The breaks evened out so hard tonight that he found himself alone with the other five players on the ice trying to catch up to him. The puck hadn’t gone in behind Christopher Gibson. He put the puck in for Bridgeport.
It comes down to that, pretty much, 10 seconds between Hunter Shinkaruk cutting to his left and Quine going high glove that ended an odd night.
So let’s talk about three-on-three! (I hear you groan. Get back here.)
Quine finds it exciting. Sure. Brent Thompson called him “an elite scorer in this league.” Give him an inch there, he’ll give you the rest of the night off. But it is the kind of chaos where one break — like two guys going to the net, one going through momentum to the boards, and one guy left behind for a breakaway? — is decisive.
“It’s a bit of a mess,” Mike Halmo said. “We really don’t practice it. We don’t really play it too often.”
You know how fond we are in This Space of Thompson’s “That’s not playoff hockey” line. He said something similar Sunday.
“At the end of the day, three-on-three is not real hockey,” Thompson said. “It’s fun for the fans. It’s fun to be part of on the winning end, that’s for sure. At the end of the day, it’s not real hockey, but it’s exciting.”
It’s worth a point in the standings, too, somehow. Might as well go and get it. Took good timing from Halmo and good luck, but Bridgeport got it.
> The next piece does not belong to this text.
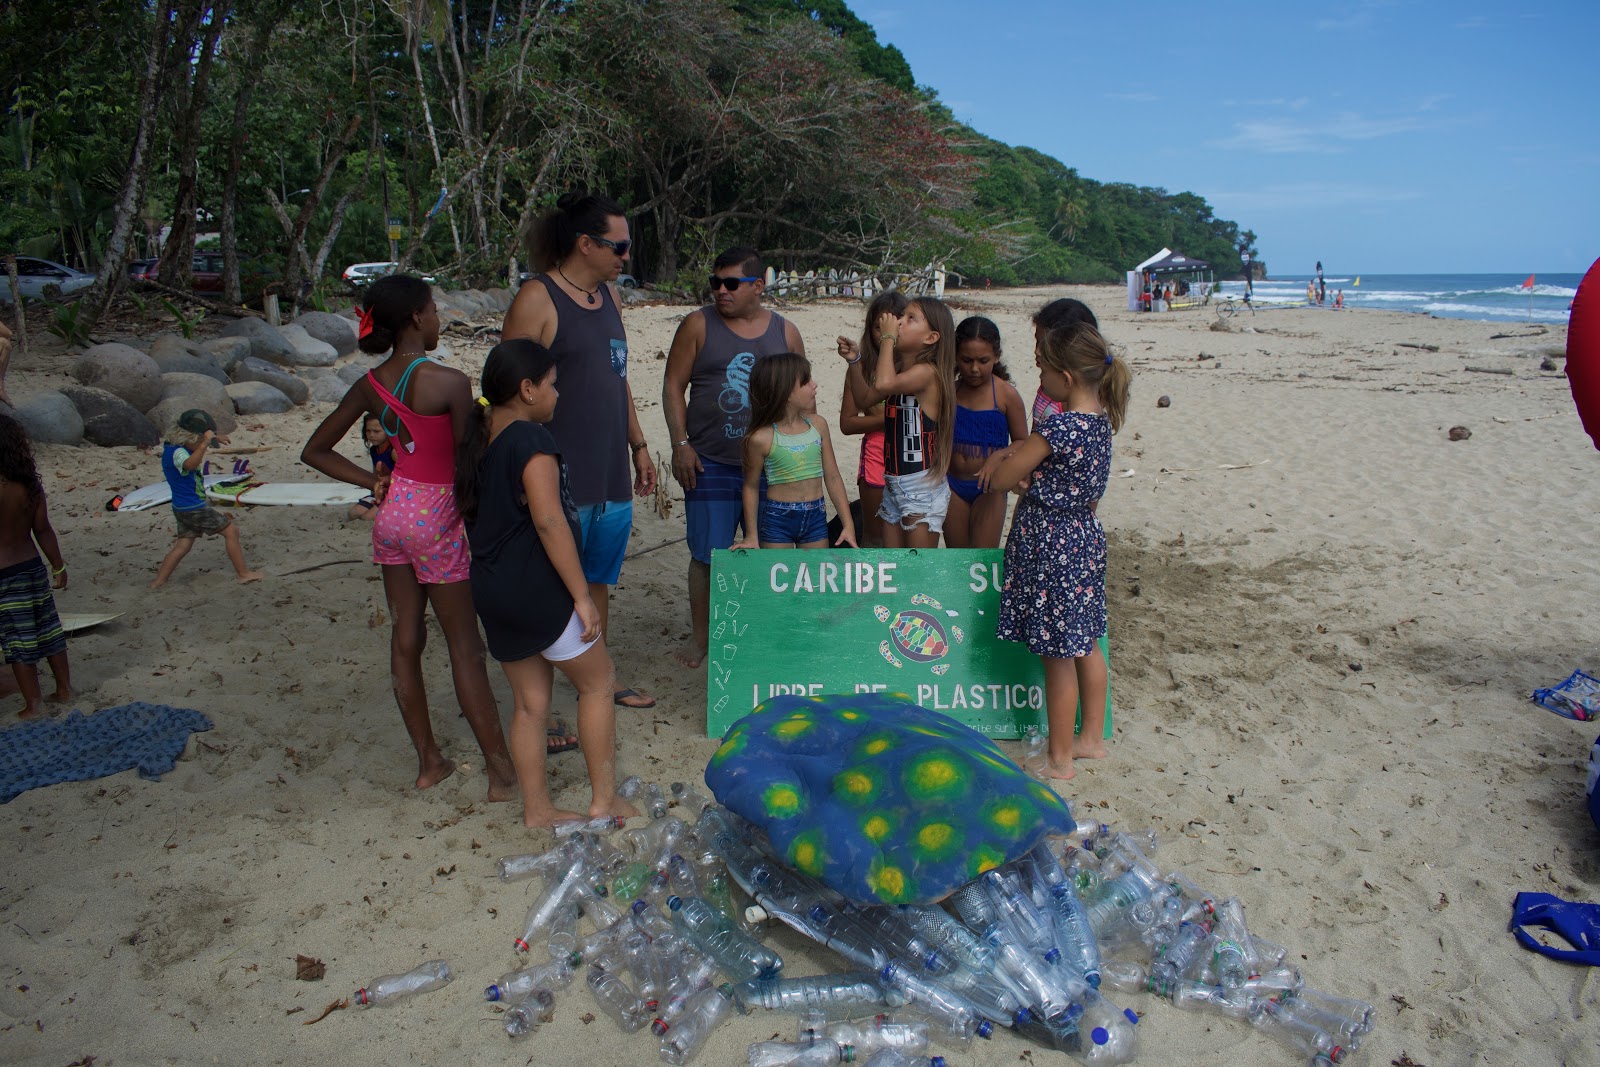 Caribe sur libre plástico

All that said, it was, generally, a decent enough game for Bridgeport. In the three-in-three narrative, this one seemed to fall into the “team that played while other was idle is sharper” and the “rested team comes on later” template. Shots on goal aside, the Comets had the better of the play through the first period, but a stick-slash helped Bridgeport get even.
“I’m proud of the effort level,” Thompson said. “They really responded to the challenge tonight.”
The power play had been 0-for-13 before the Ryan Pulock goal. It got another on Justin Vaive’s deflection in the second period (floodgate’s open for Vaive, eh?). And the penalty kill went 3-for-3.
“It was nice to see special teams, both, dialed in,” Thompson said.
Brass was in the house. Speculate away.
Prescout. Andrey Pedan tonight; Aaron Ness on Wednesday.
This Wall Street Journal story about the history of “trick(s) or treat(s)” would be cool enough without the reference to an Alberta town that produced one of the greatest Sound Tigers ever.
Speaking of which, off to watch the rest of this. Team’s off tomorrow. See you Tuesday.